The issue with Kunlun is that the delivery schedule of the P800 may still be constrained. If Huawei cannot solve this problem, neither Kunlun nor T-Head may be able to either.

Therefore, facing increasingly fierce market competition, Baidu Intelligent Cloud may not have many true advantages. Next, the technological imagination of full-stack AI seems insufficient. Whether it can achieve breakthroughs in models and chips within the narrowing window of opportunity is crucial.

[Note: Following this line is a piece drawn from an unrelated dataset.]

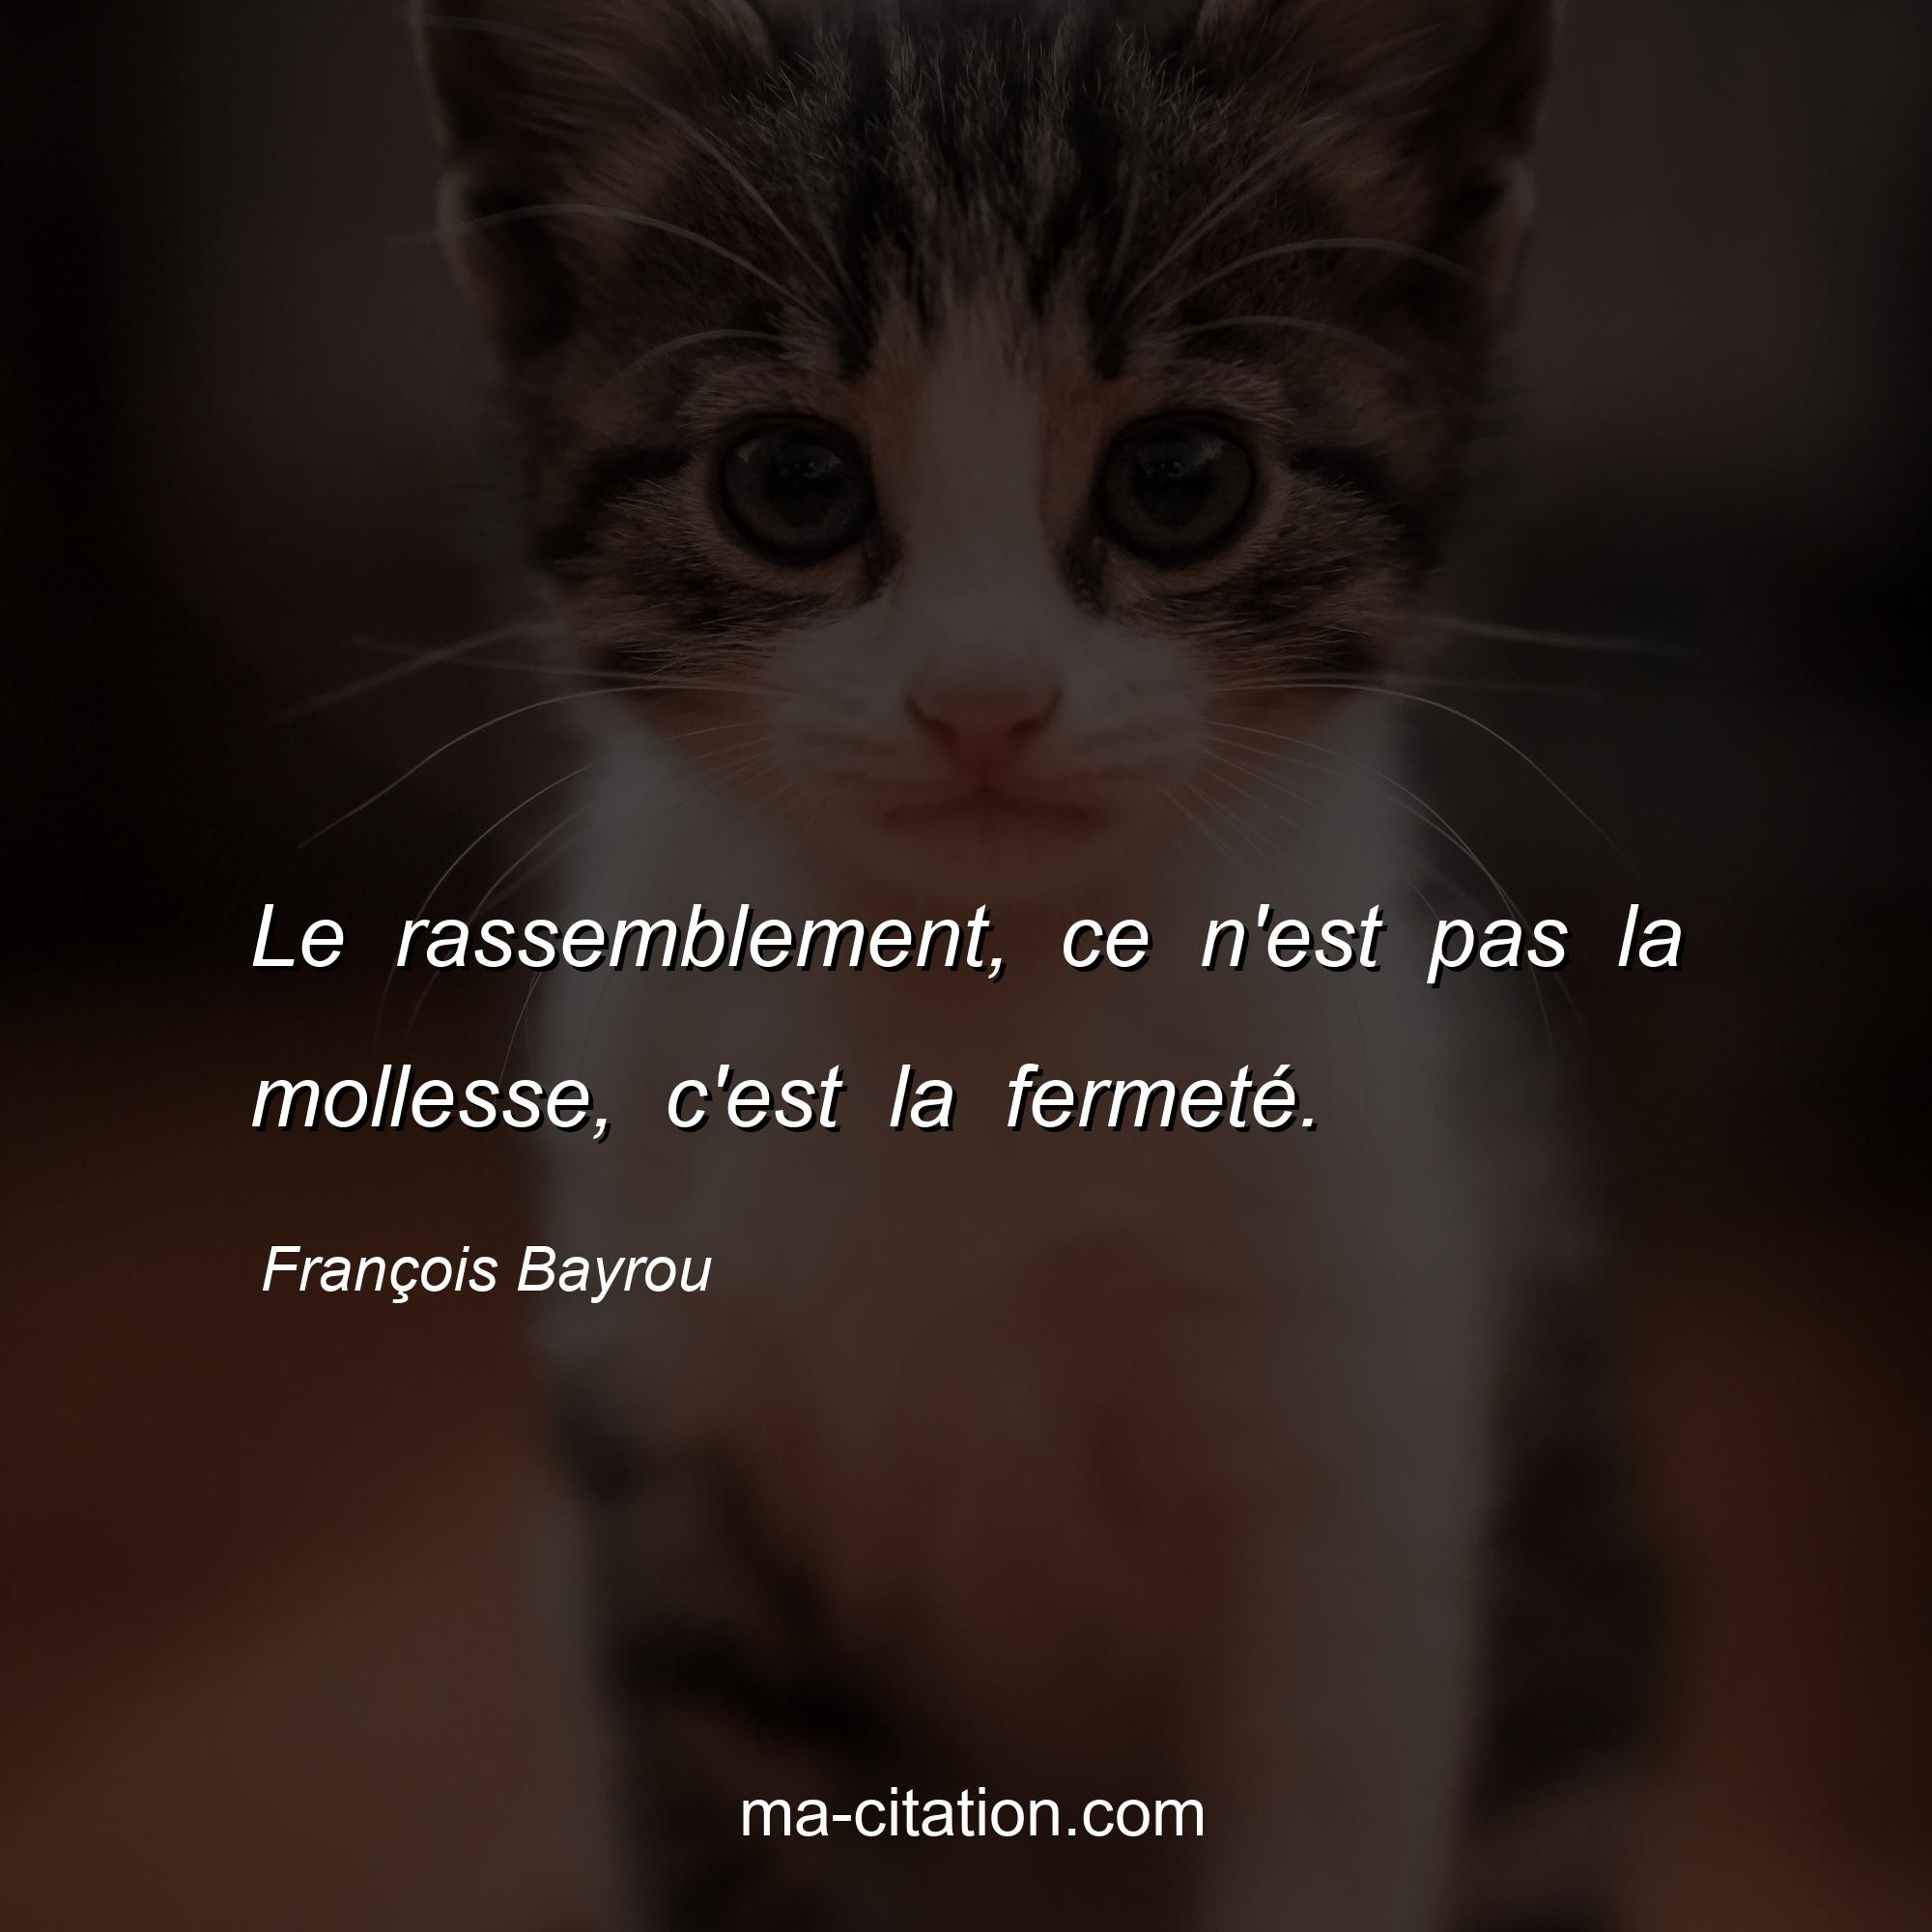 François Bayrou : Le rassemblement, ce n'est pas la mollesse, c'est la fermeté.

Whether it's Tencent, Alibaba, or Baidu,

After going through the three stages of IaaS resourceization, PaaS servitization, and SaaS applicationization, the AI era is reshaping the cloud computing business model into a brand-new form.

The cloud computing industry is no longer about selling resources, hard drives, or loans but about selling Tokens.

It's not a 'wholesale' business, but more like a retail business of Tokens. In the end, what this business really comes down to is cost and the price advantage per unit Token.

In this business arena, who can go further? Let's wait and see.